— А вдруг тот Кастро Батисте шею свернёт?
— Америка близко, товарищ Хрущёв!
— А вдруг?
Серов пожал плечами.
— Ты для партизан что-либо полезное делаешь?
— Оружие дали, деньги везём. Через ближайшего человека к Кастро, через Че Гевара работаем.
— Раскачивай лодку, Иван, раскачивай! Жизнь она нежданно-негаданно сюрпризы преподносит. Очень уж Куба место сладкое! — качал головой Первый. — Ну, генерал, дальше успехами хвастайся.
— В пригороде Франкфурта взорвали дом, где проживали семьи работников радиостанции «Свободная Россия». Дом как скорлупа ореховая развалился, но жертв не было, все были на работе.
— Теперь заткнутся, твари!
— Не заткнуться — снова взорвём! — пообещал Иван Александрович.
— Что там Булганчик?
— Пьёт.
— К работе, значит, не приступил?
— Каждый день в кабинете запирается и до зеленых чертей! С кабинета его выносят.
— Надо проходимца подальше заткнуть, а то дали Госбанк! Это Микоян меня заговорил.
— Он ещё стихи пишет, стихослагатель! — с иронией высказался Серов и осёкся, вспомнив, что Никита Сергеевич тоже балуется рифмами.
— Это к делу не относится! — оборвал председатель правительства.
— Женщин соблазняет, теперь нацелился на директора госбанковской библиотеки, а она замужняя.
— Выродок! Сталинский стукач! Надо ж, как мы в нём ошибались!
— Да, не разглядели!
— И маршал из него никудышный. Ну какой из Булганина маршал, скажи?
— На маршала явно не тянет.
— Напялил маршальский китель и вышагивает, павлин! Просто гадко смотреть! Ты б, Вань, бумажку в Президиум черканул. А то возомнил себя полководцем! Пьяница — и есть пьяница! Как был в начале войны генерал-полковником, так пусть генерал-полковником и остаётся! Согласен?
— Целиком согласен.
— Иди, действуй!
От Никиты Сергеевича генерал поспешил к Мухитдинову.
8 июня, воскресенье. Огарёво, загородный особняк Хрущёва
Деревянный домик насквозь пропах травами. Снопы висели в сенях, в светлице, и в спаленке под потолком множество пучков было подвешено. Все травы были лечебными. Из одних Ксения Ивановна готовила успокоительные настои, чтоб сердце стремительно не колотилось и сон быстрей наступал, а не мучился человек бессонницей, с бока на бок долгую ночь переворачиваясь. Другие целебные отвары выгоняли из организма желчь. Смесь цветков земляники, листья берёзы, тмина, цикория и хвоща перемолотого щепотку — этот сбор был особенно хорош для больных почками. Лечебные травки и отвары исправно отсылала бабуля в каменный дом любимому сыночку.
— Пущай попивает, я травушки собственными руками собрала!
— Откуда вы так хорошо травы знаете? — недоумевала Лёля, она часто наведывалась к Ксении Ивановне.

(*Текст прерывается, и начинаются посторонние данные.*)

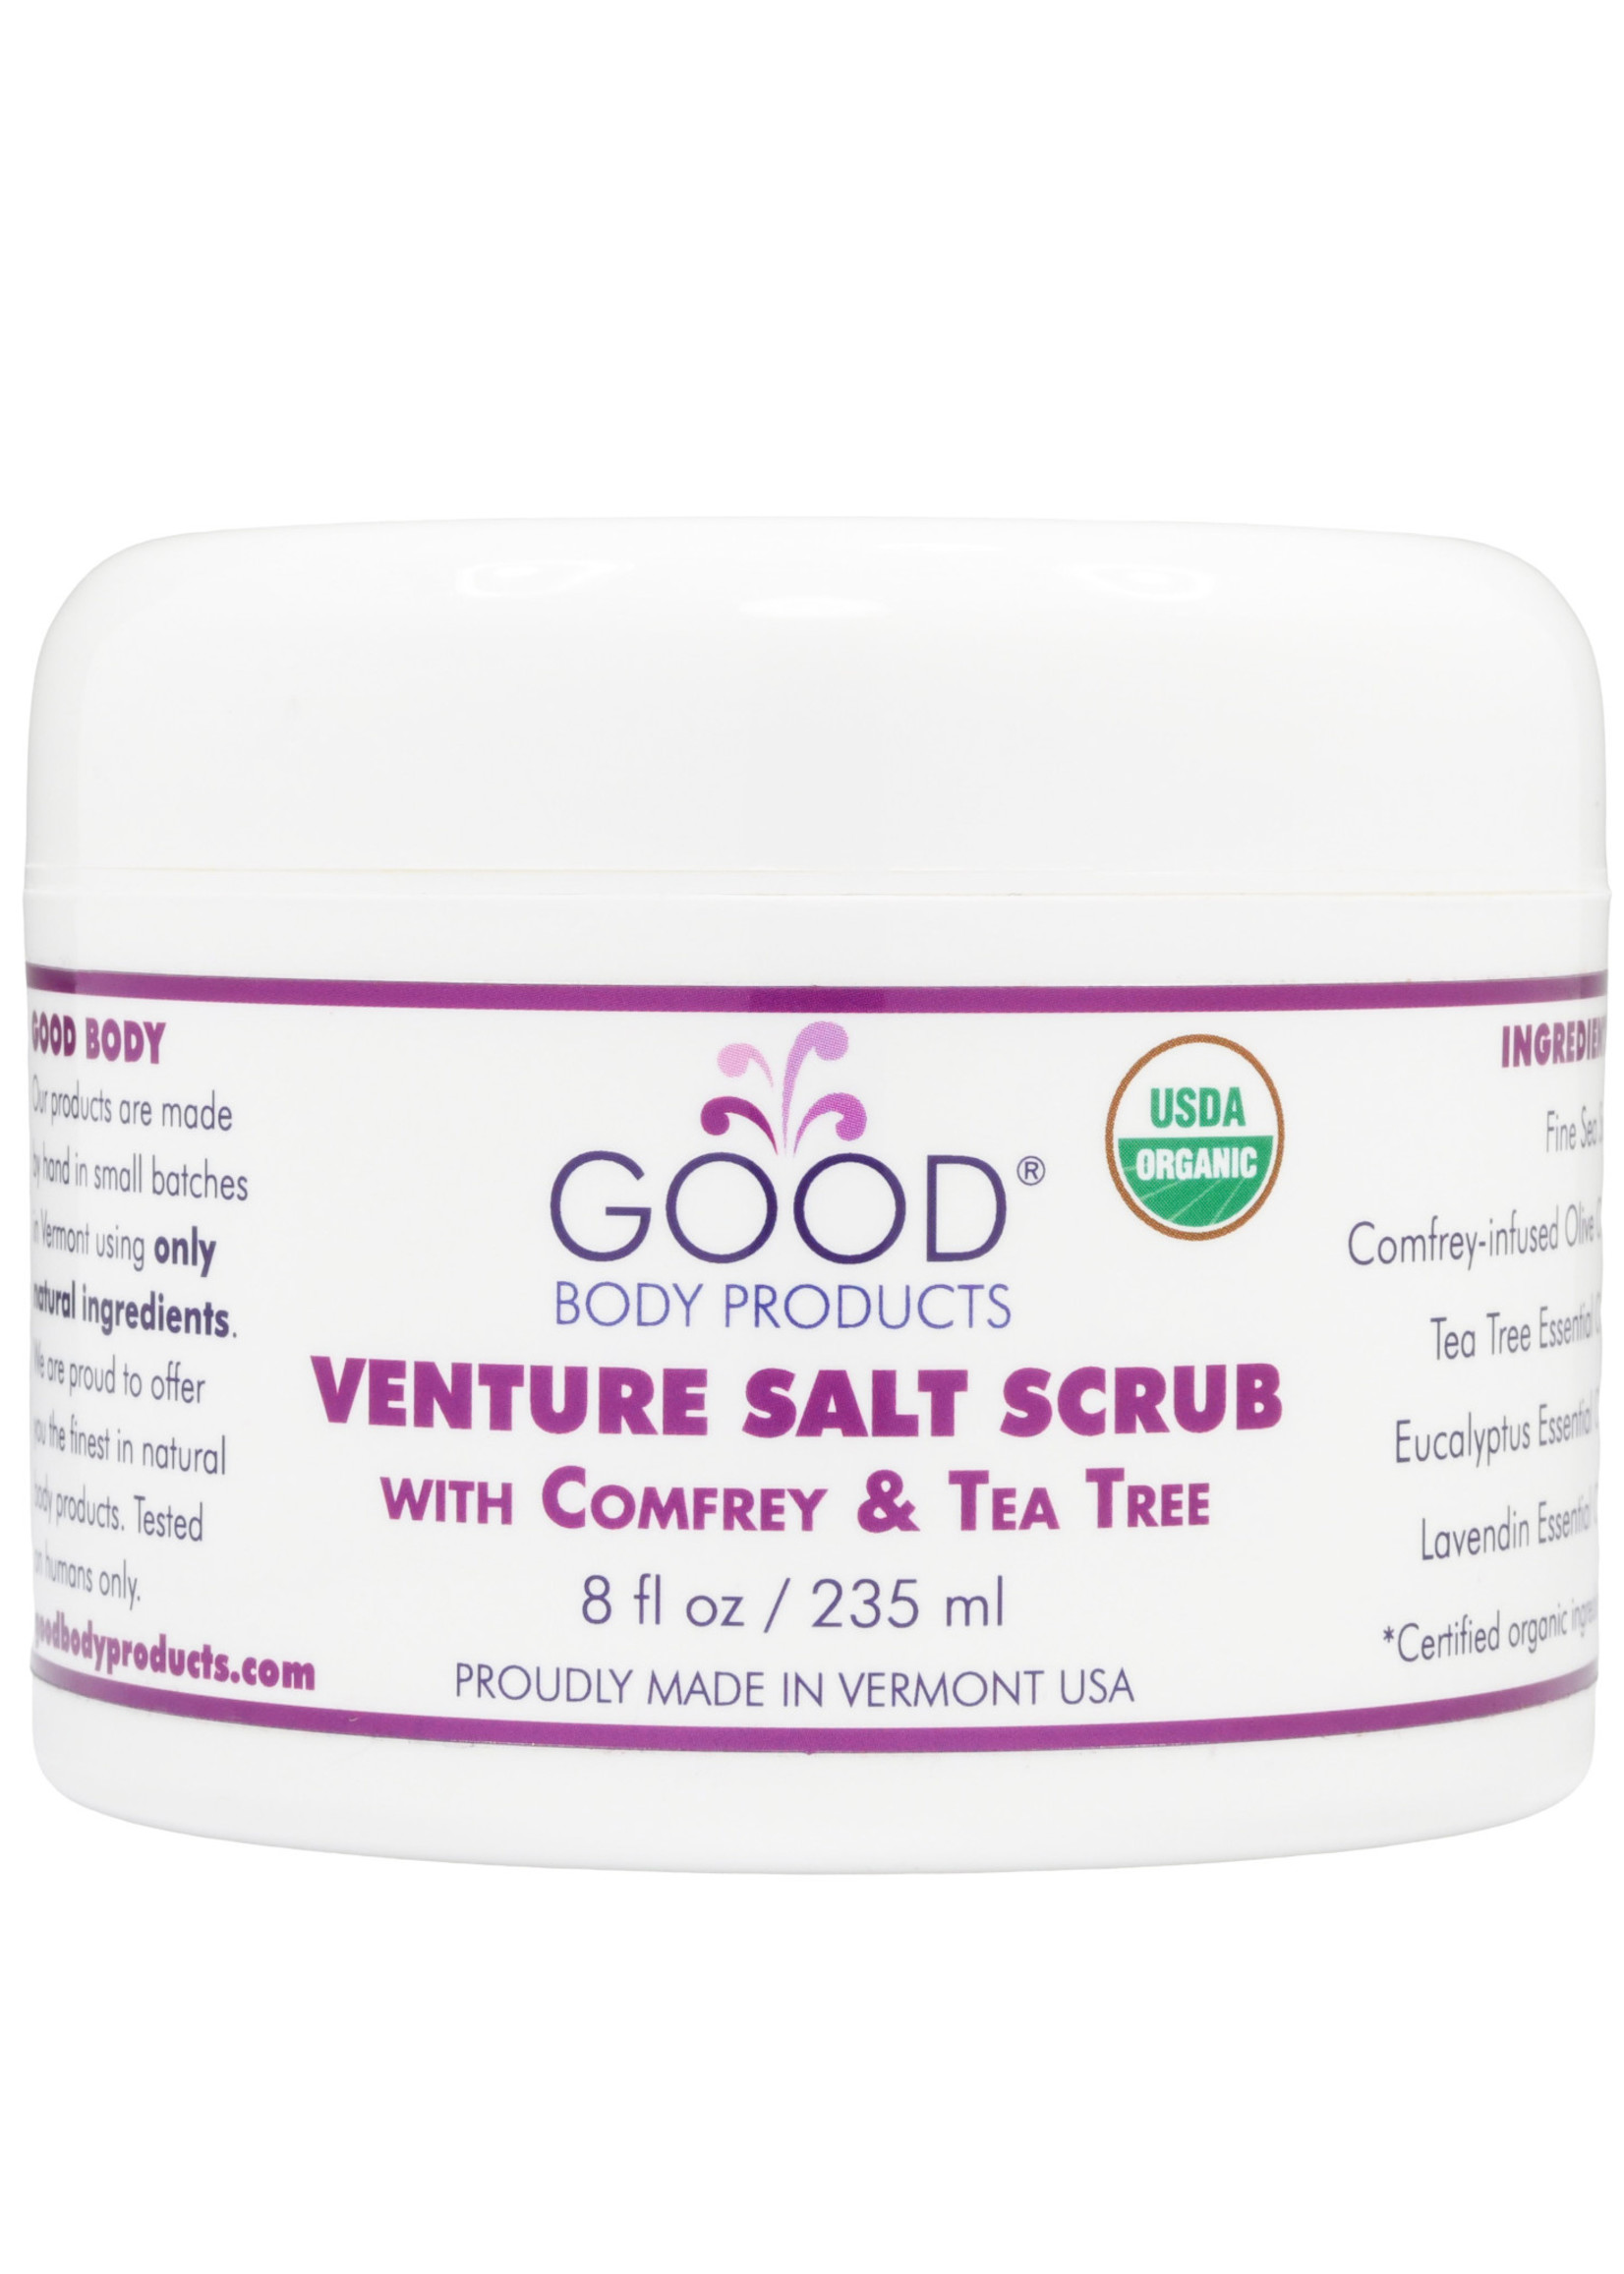 Good Body Products VENTURE SALT SCRUB with Comfrey and Tea Tree

— Это у нас семейное, а может, деревенское. В Калиновке каждый травку заготовлял. Раньше только травами и спасались, это сейчас лекарств навыдумывали, а что есть лекарства — химия! Какой от них прок?
— Не скажите! — возражала невестка. — Лекарственные препараты — это наука!

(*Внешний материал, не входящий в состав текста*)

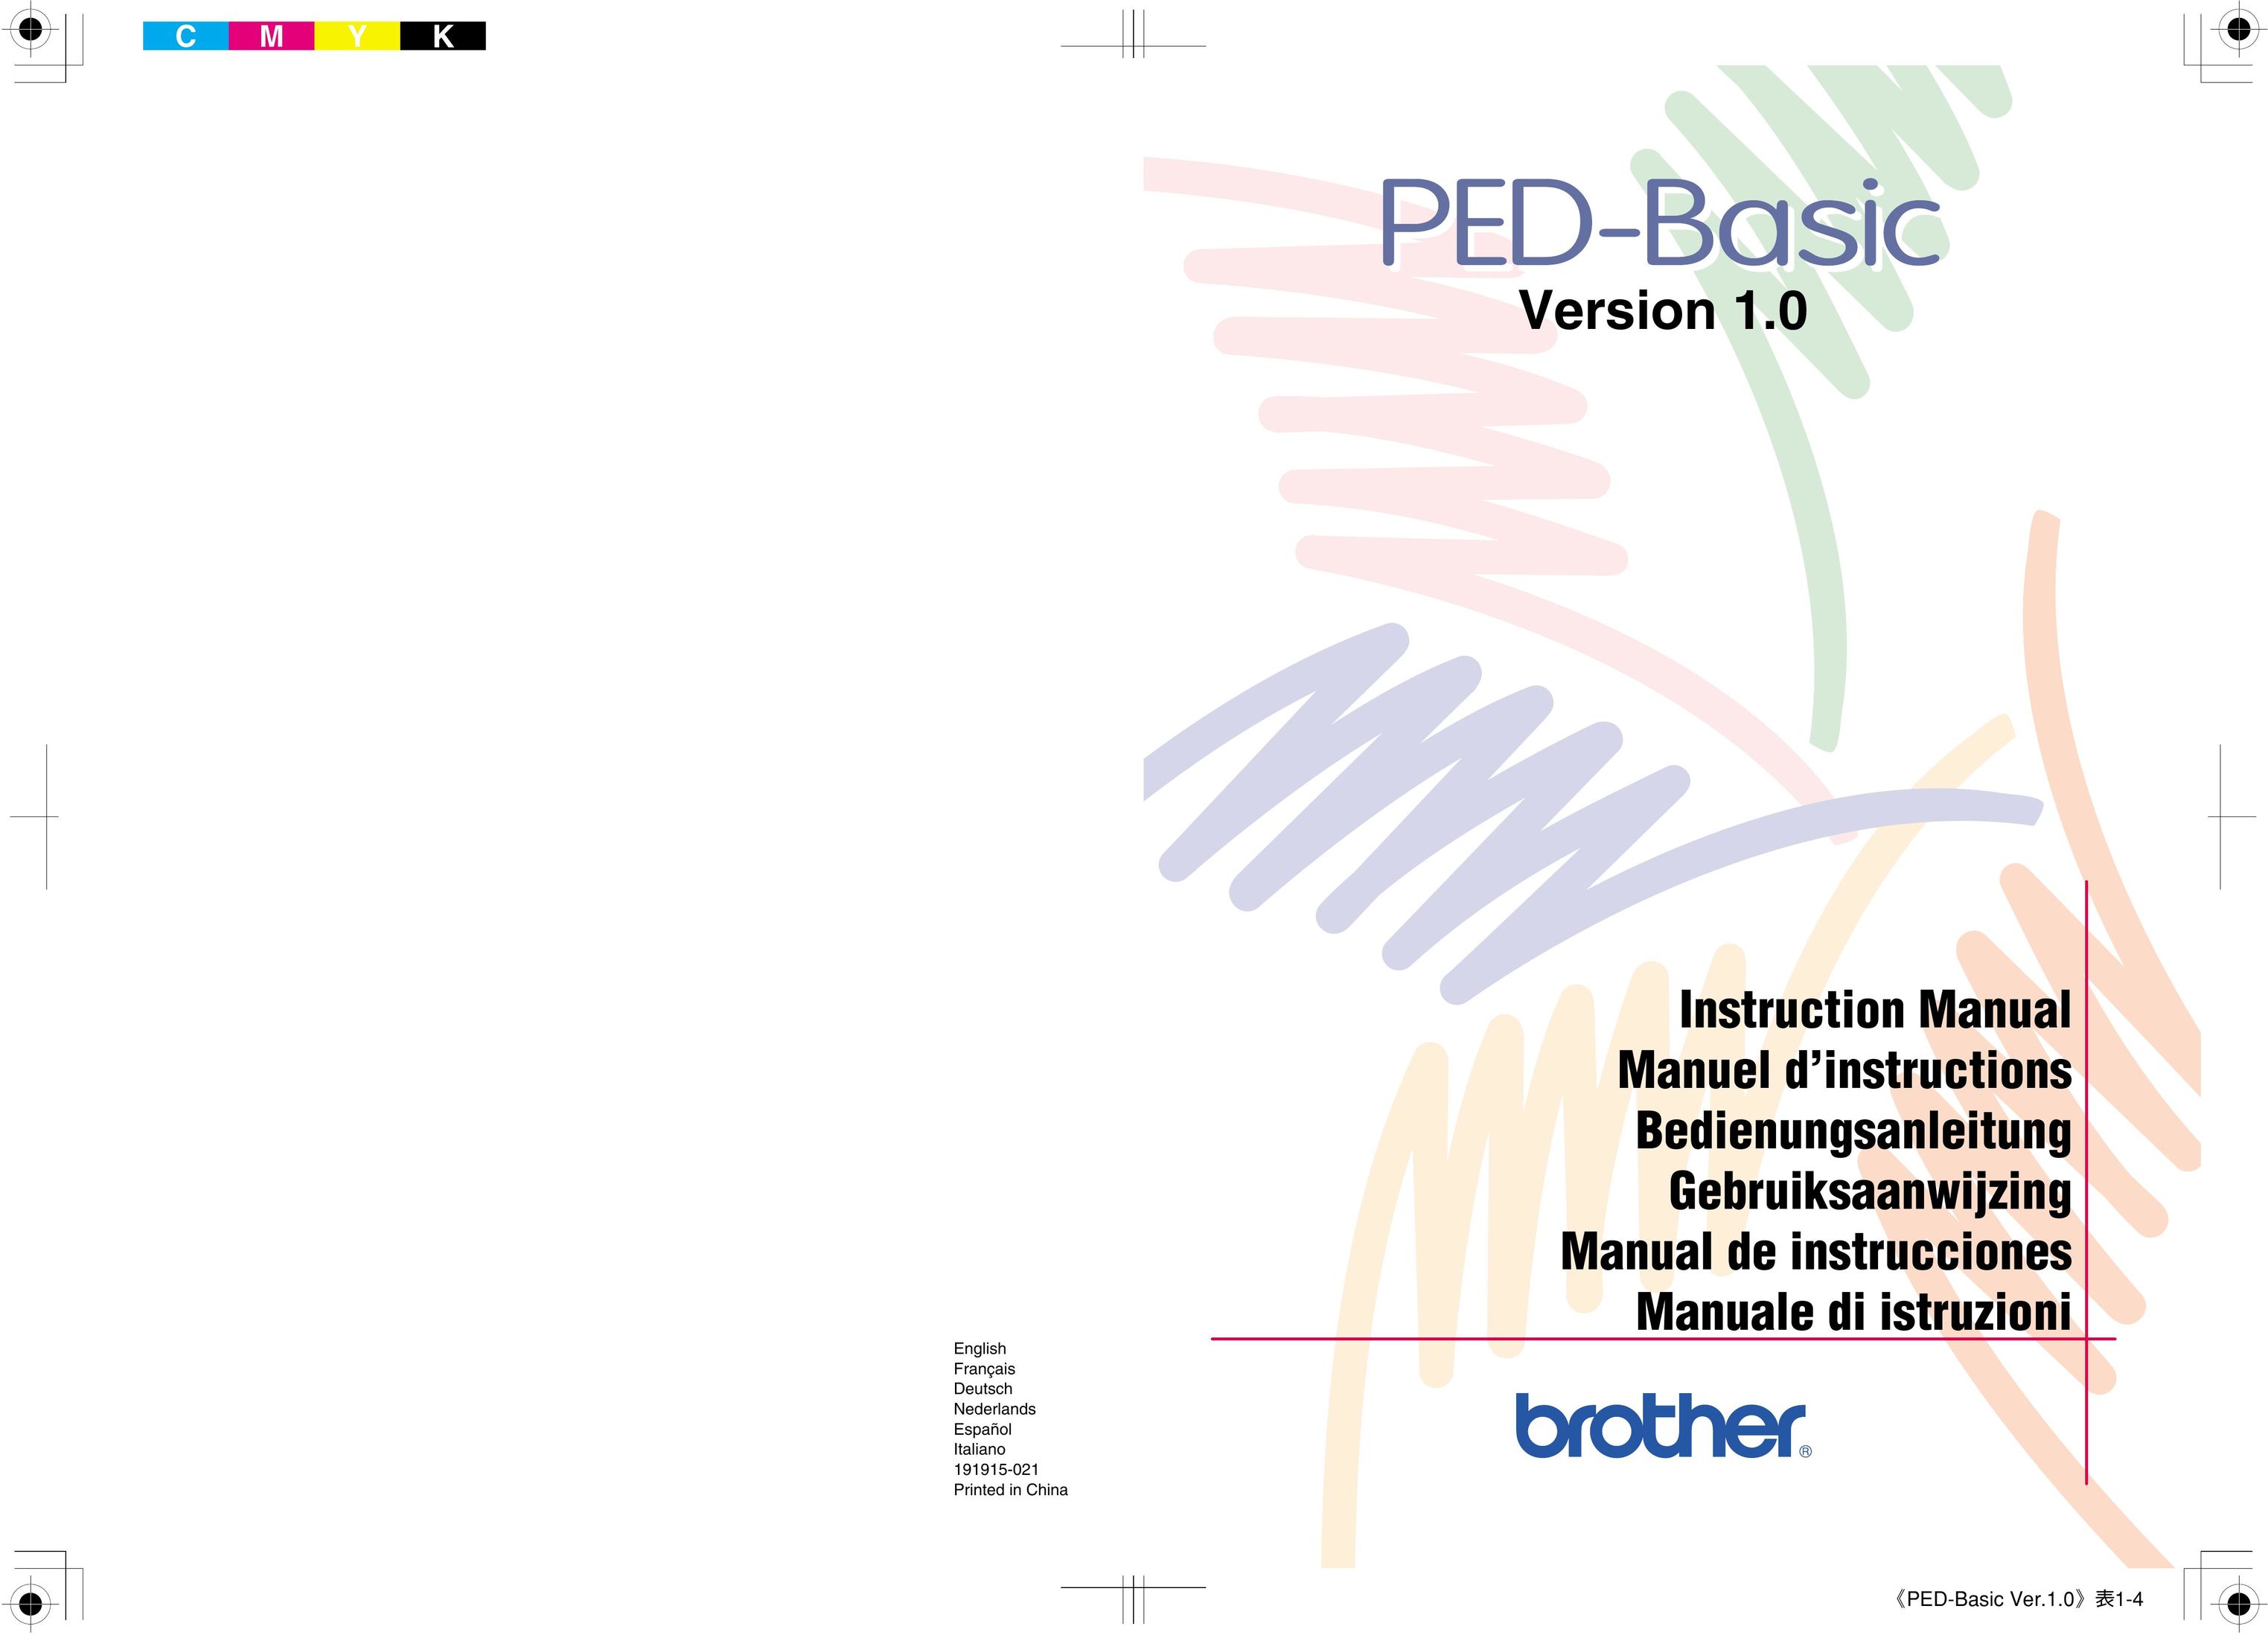 Brother PED Basic Dollhouse User Manual

— Ты, дочка, лучше мои настойки пей, про таблетки сразу забудешь!
— Лучше, Ксения Ивановна, не болеть!
— Эх, не болеть, не болеть! Со временем малая болячка становится большой, так-то! — качала головой бабушка.
— Нам болеть не надо! — гладила морщинистую руку Лёля.
В лицо бабули светило утреннее солнце — яркое, смелое, тёплое. Вся комната была залита светом.
— В такой чудный день о болезнях лучше не говорить! — улыбалась невестка.
— Что верно, то верно, но травушки мои — чистое долголетие, а время, милая, летит!
— Я не замечаю, по-моему, времени — вагон!
— Это пока не замечаешь, голубушка, пока! В детстве минуты долгие, дни бесконечные, а взрослеешь, и начинают мелькать. Не успеешь оглянуться — годика нет! Вот и продлеваем жизнь, как умеем, медком да травками!
— Я бы с травами запуталась! — оглядывая бесконечные снопы да вязанки, высказалась Лёля.
— У тебя, родная, не жизнь, а праздник сплошной, вот и нету усидчивости, а деревенские — то на поле не разгибаясь, то со скотинкой возятся, а ещё дом внимания требует, дом без внимания оставить нельзя — тяжела деревенская жизнь! Не пойму, что в городах-то люди делают?